Human cytochrome P450 (P450) isozyme(s) responsible for metabolism of the calmodulin antagonist 3-[2-[4-(3-chloro-2-methylphenyl)-1-piperazinyl]ethyl]-5,6-dimethoxy-1-(4-imidazolylmethyl)-1H-indazole dihydrochloride 3.5 hydrate (DY-9760e) and kinetic profiles for formation of its six primary metabolites [M3, M5, M6, M7, M8, and DY-9836 (3-[2-[4-(3-chloro-2-methylphenyl)piperazinyl]ethyl]-5,6-dimethoxyindazole)] were identified using human liver microsomes and recombinant P450 enzymes. In vitro experiments, including an immunoinhibition study, correlation analysis, and reactions with recombinant P450 enzymes, revealed that CYP3A4 is the primary P450 isozyme responsible for the formation of the DY-9760e metabolites, except for M5, which is metabolized by CYP2C9. Additionally, at clinically relevant concentrations, CYP2C8 and 2C19 make some contribution to the formation of M3 and M5, respectively. The formation rates of DY-9760e metabolites except for M8 by human liver microsomes are not consistent with a Michaelis-Menten kinetics model, but are better described by a substrate inhibition model. In contrast, the enzyme kinetics for all metabolites formed by recombinant CYP3A4 can be described by an autoactivation model or a mixed model of autoactivation and biphasic kinetics. Inhibition of human P450 enzymes by DY-9760e in human liver microsomes was also investigated. DY-9760e is a very potent competitive inhibitor of CYP2C8, 2C9 and 2D6 (Ki 0.25-1.7 microM), a mixed competitive and noncompetitive inhibitor of CYP2C19 (Ki 2.4 microM) and a moderate inhibitor of CYP1A2 and 3A4 (Ki 11.4-20.1 microM), suggesting a high possibility for human drug-drug interaction.

Pharmacokinetics and disposition of DY-9760e, a novel calmodulin antagonist, in rats and monkeys.

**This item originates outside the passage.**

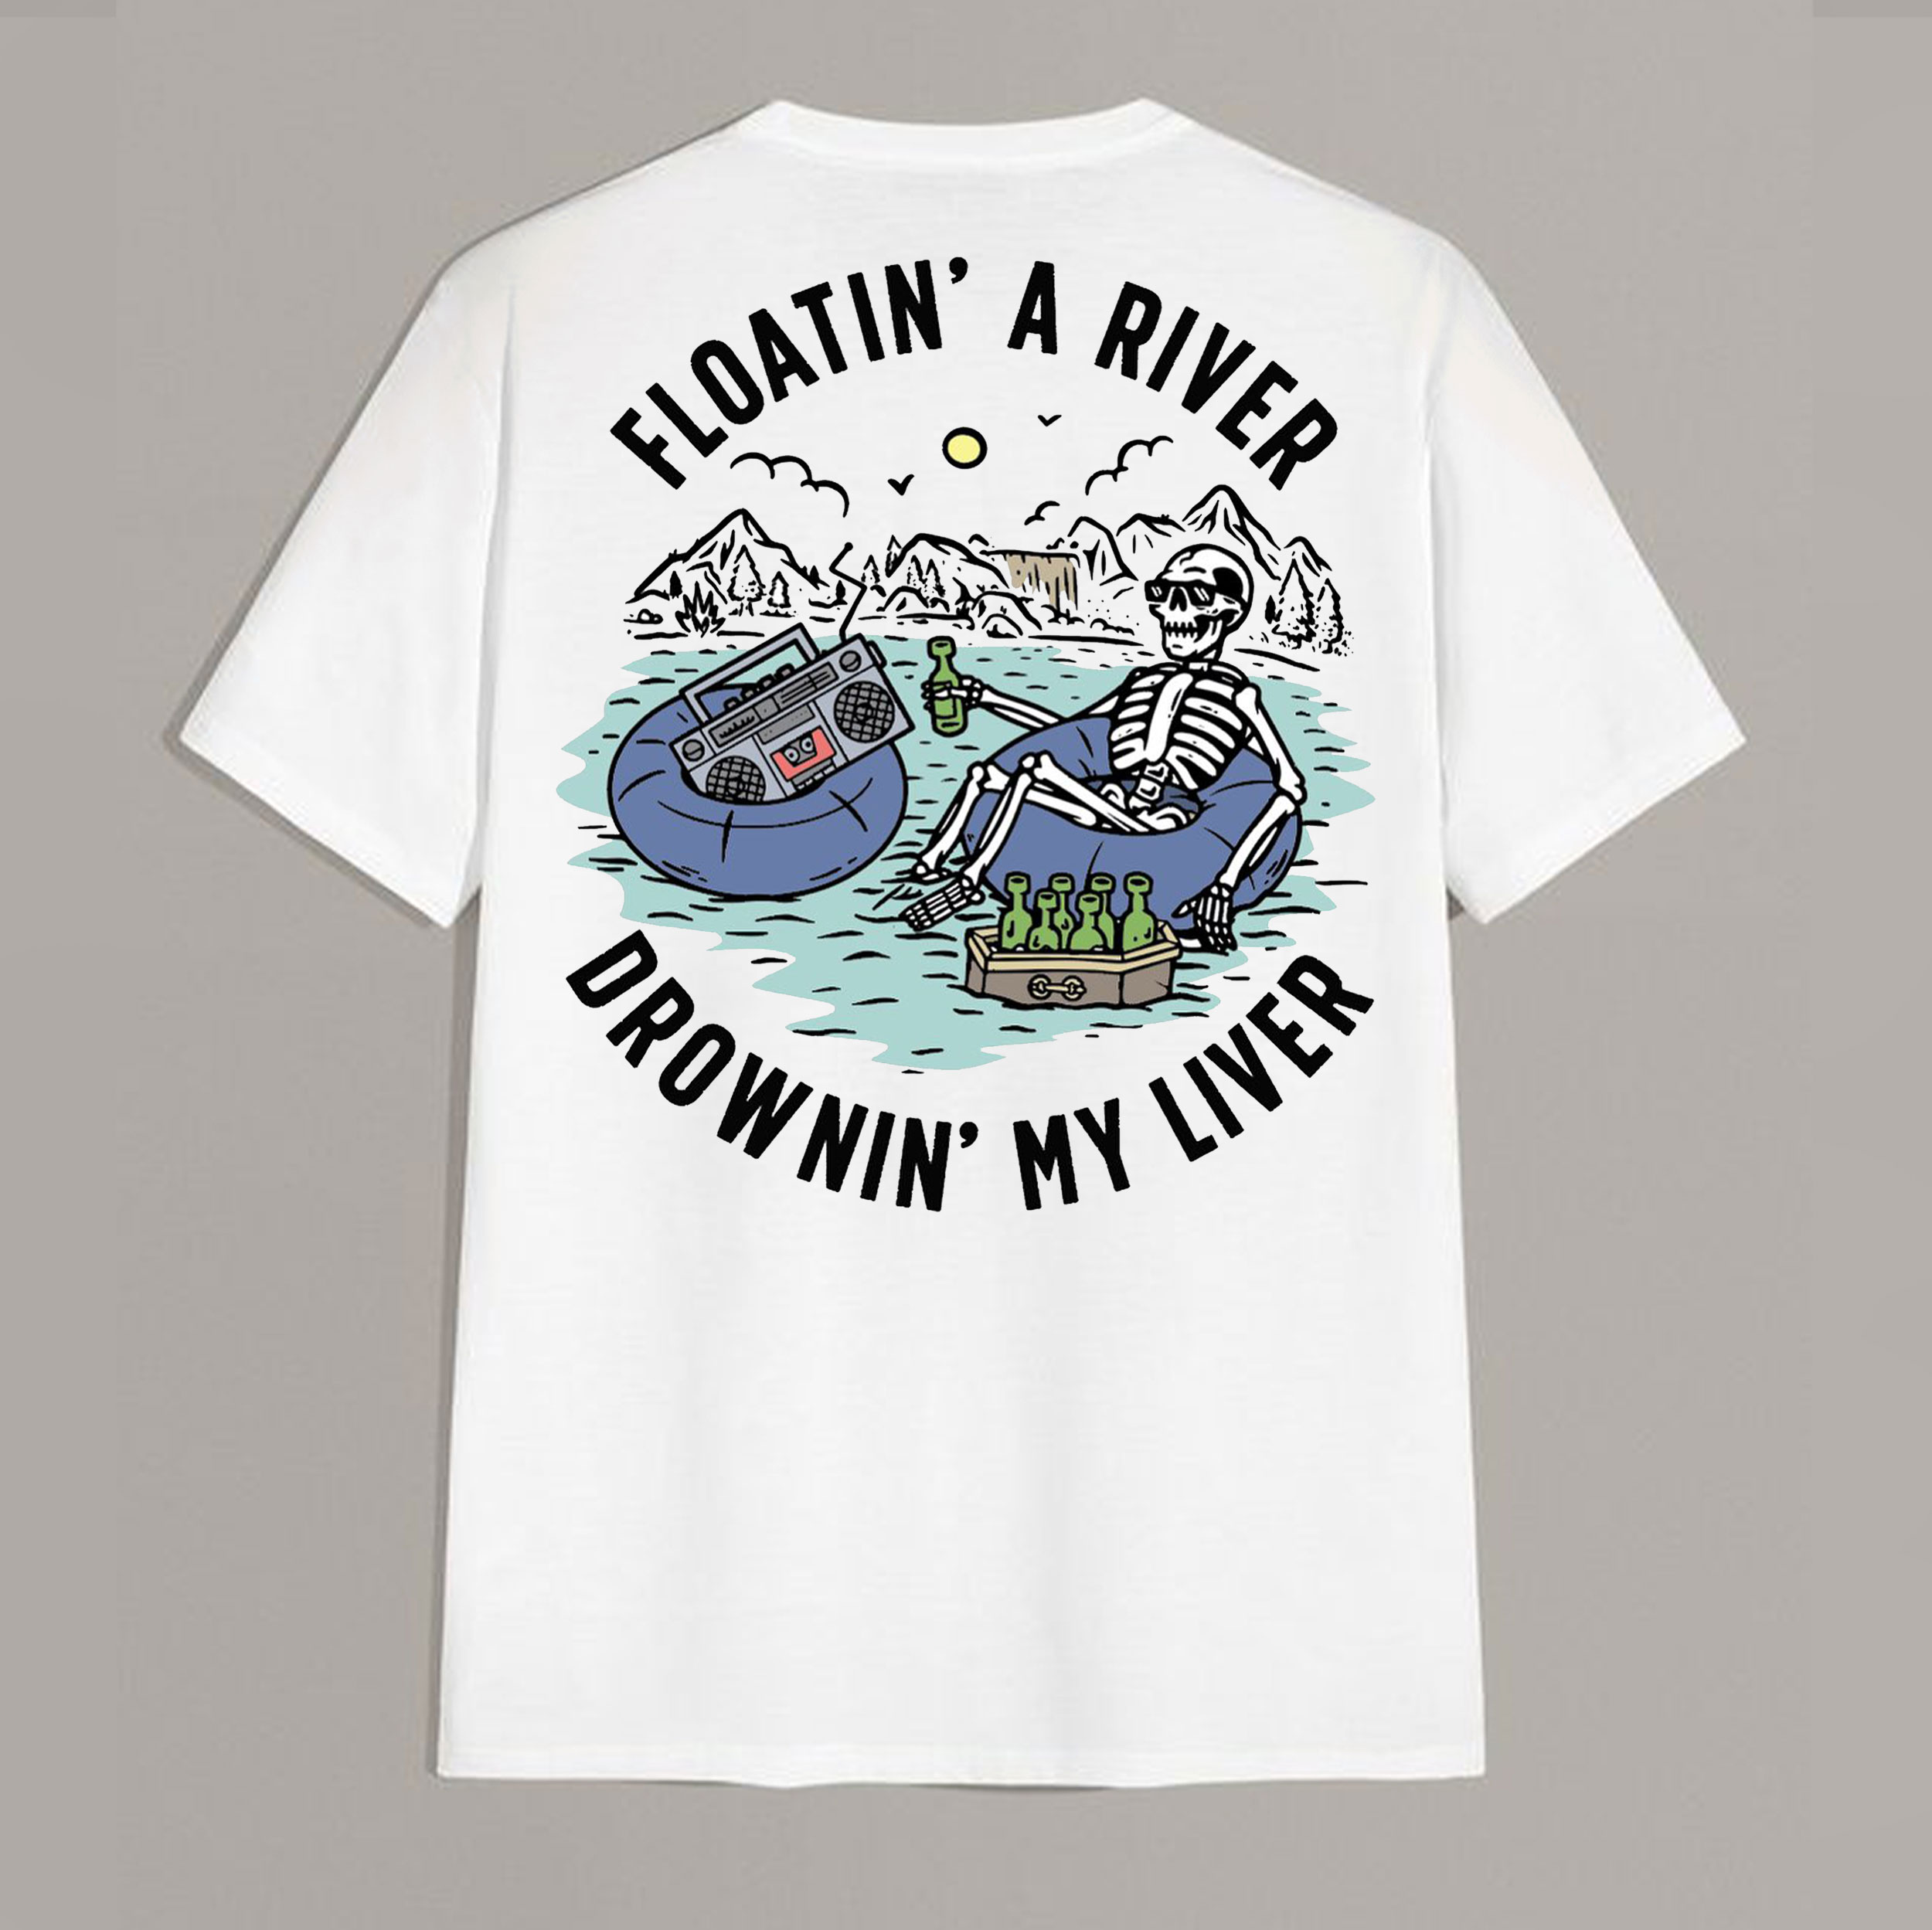 FLOATIN' A RIVER DROWNIN' MY LIVER White Print T-Shirt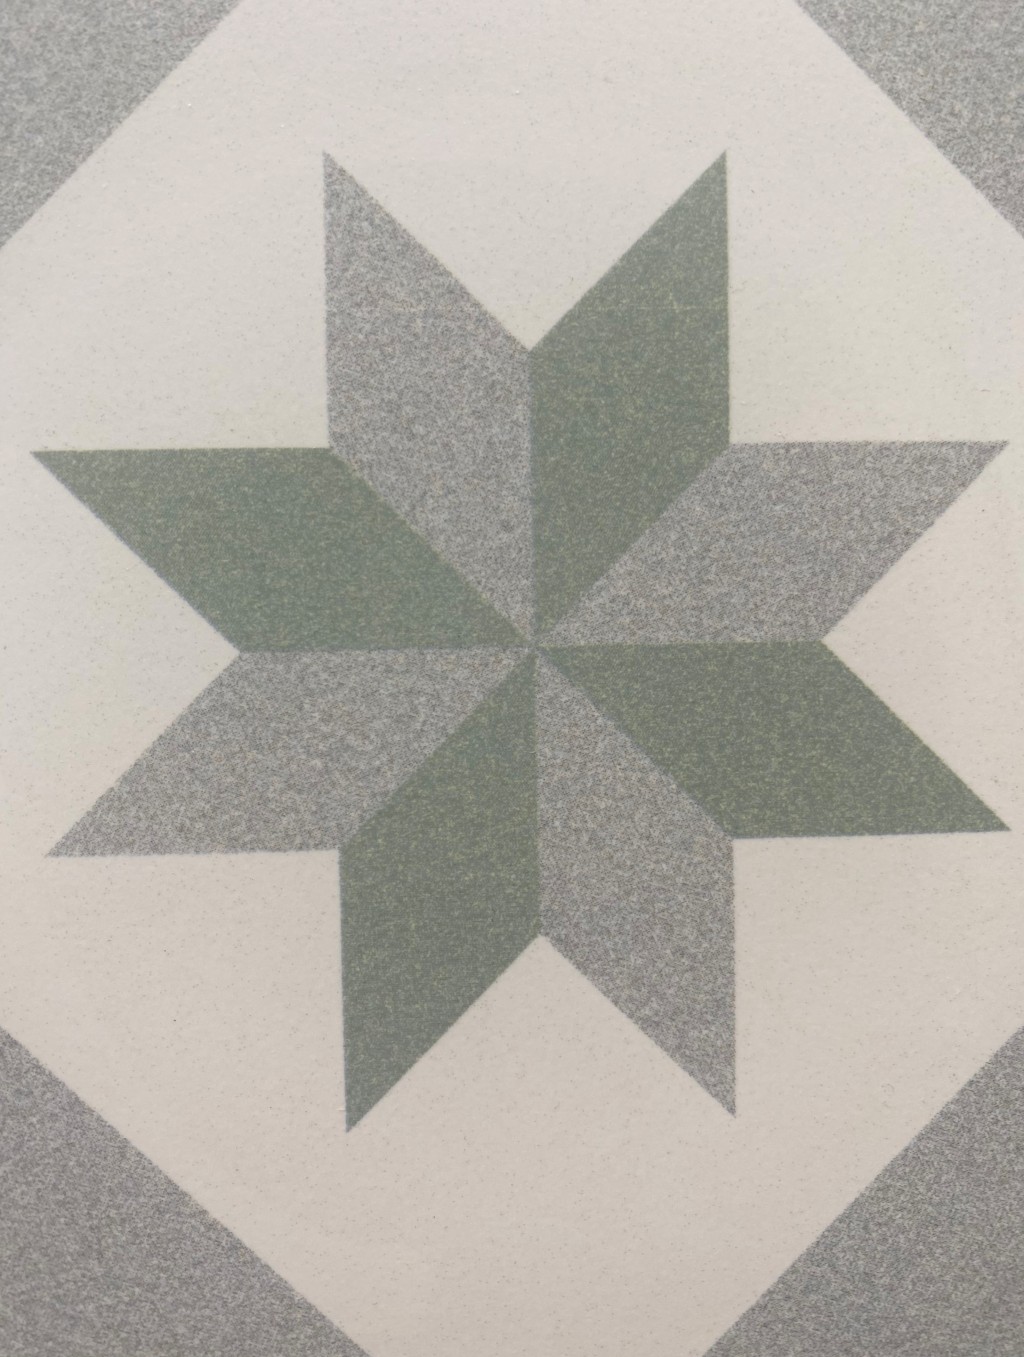 Clifton Grey Ceramic Floor 400x400mm

DY-9760e (3-[2-[4-(3-chloro-2-methylphenyl)-1-piperazinyl]ethyl]-5,6-dimethoxy-1-4-imidazolylmethyl)-1H-indazole dihydrochloride 3.5 hydrate, CAS 162496-41-5) is a novel calmodulin antagonist that is being evaluated for the treatment of ischemia. The objective of this study was to characterize the pharmacokinetics and disposition of DY-9760e in rats and monkeys. After a 6 h continuous infusion at 1 mg/kg/h to male rats, the plasma concentration of unchanged DY-9760, as the anhydrous free base of DY-9760e, declined with a terminal half-life of 3.0 h. In monkeys, the plasma concentration of DY-9760 following a 4 h continuous infusion at 1 mg/kg/h declined with a terminal half-life of 3.8 h. Total clearance was 18.3 ml/min/kg in rats and 16.7 ml/min/kg in monkeys. The pharmacokinetics of DY-9760e was linear within a dose range from 1 mg/kg to 16 mg/kg in monkeys. After intravenous bolus administration of 14C-DY-9760e to rats, the radioactivity was widely distributed throughout the body except for the brain and testis. In the brain, which is the target organ of this compound, the concentrations of unchanged DY-9760 in rats were much lower than the corresponding plasma concentrations. These results indicated that the permeability of DY-9760 into the brain was restricted. In contrast, the brain concentrations of the N-dealkylated metabolite DY-9836 were approximately 2- to 3-fold higher than those observed in the plasma. The administered radioactivity was excreted mostly in the feces (95.2% in rats, 83.6% in monkeys), and the biliary excretion of the radioactivity in bile duct-cannulated rats was 86.2% within 48 h, part of which (11.1%) was re-absorbed. The urinary excretion of unchanged DY-9760 was less than 0.5% in both species. The metabolic profile characterized by thin-layer chromatography demonstrated that most of the radioactivity in the urine and bile referred to many polar metabolites. These results indicate that DY-9760e is eliminated mainly through hepatic metabolic clearance in both rats and monkeys.